Cash Out Flow (Expense/Spending)

Generally, we pay out money because we want to buy an asset or incur some expense. Regardless of whether you pay for an expense or an asset, it is still a cash out flow.
This is how to differentiate an expense from an asset.
Any payment in exchange for a benefit that you can enjoy now is an expense. Example: Buying a DVD, food, clothes.
Any payment in exchange for a benefit that you can enjoy in the future is an asset. Example: Education fund, retirement fund.
Any payment in exchange for a benefit that you can enjoy now and the future plus you can reasonably sell it in a secondary market is an asset. Example: House, stocks, car, painting.

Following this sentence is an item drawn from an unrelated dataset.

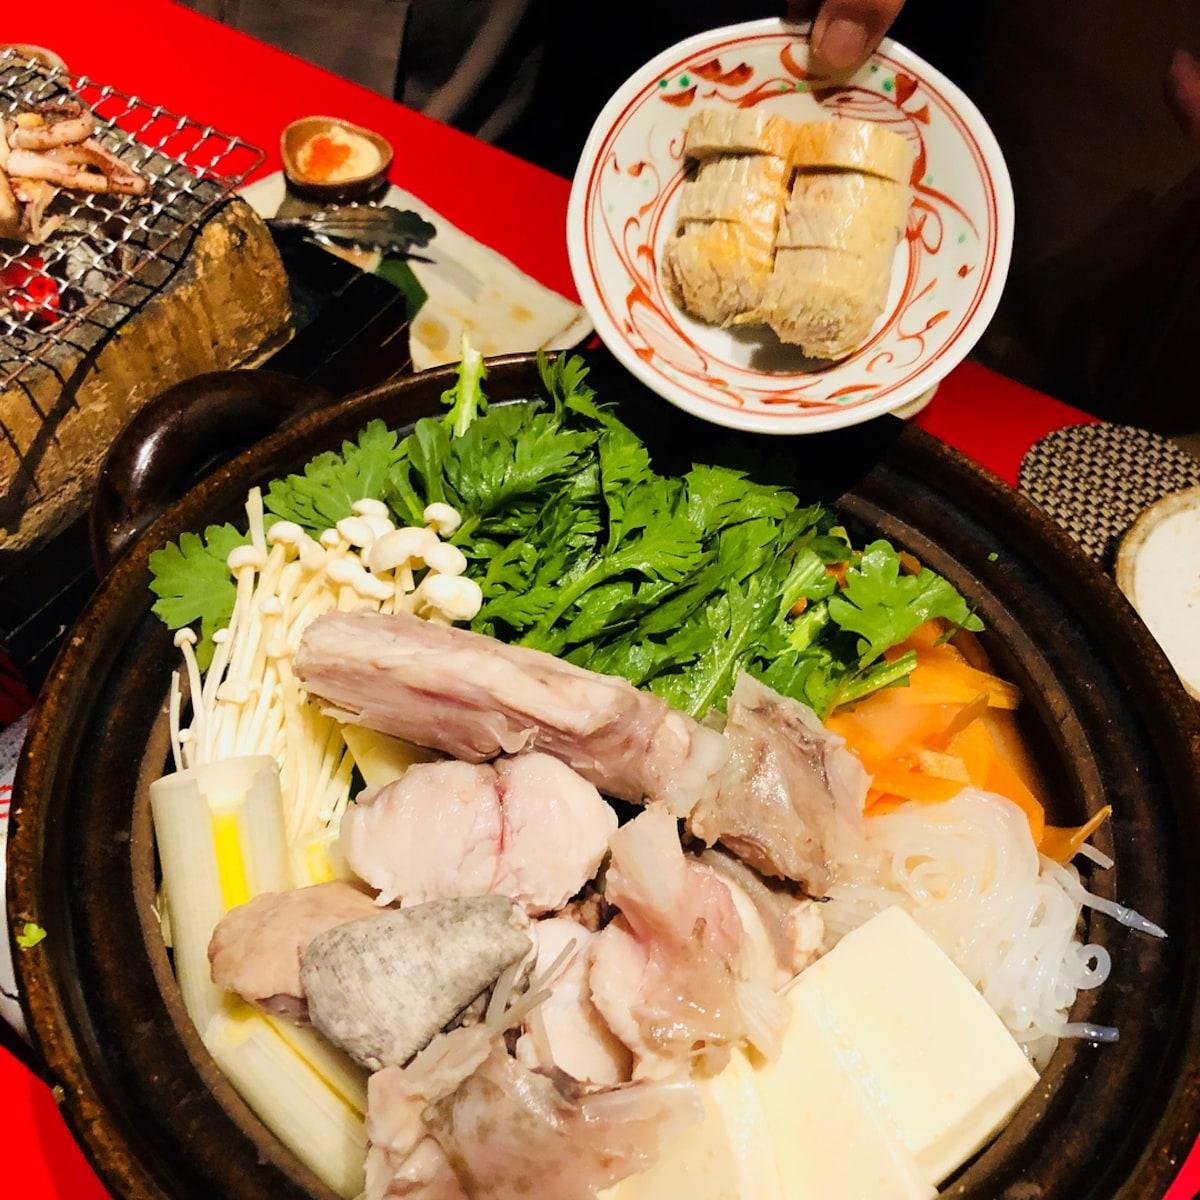 ■市場直送新鮮魚類與蔬菜火鍋料理【巢鴨】左藤 總本店

An exception is your mortgage payment. Mortgage payments are made up of 2 parts. The first part is the interest and the second part is your loan. Paying the interest portion is an expense while the paying the loan portion is building up your asset base
Tax: Remember to include periodic expenses such as property taxes, auto insurance, membership fee and so on. Do not let these expenses catch you off guard. You should examine credit card slips, check butts and bank statements for the past 1 to flag out these expenses.

Energy and Utilities: Look at your bills for the past 1 year and average out the monthly expense. This is because utilities expense is affected by seasonal factors. When the weather is cold, you will turn up your thermostat and rack up your utility bill. The monthly average will provide a more reliable estimate of your expense. Do pay attention to other types of expenses which are seasonal.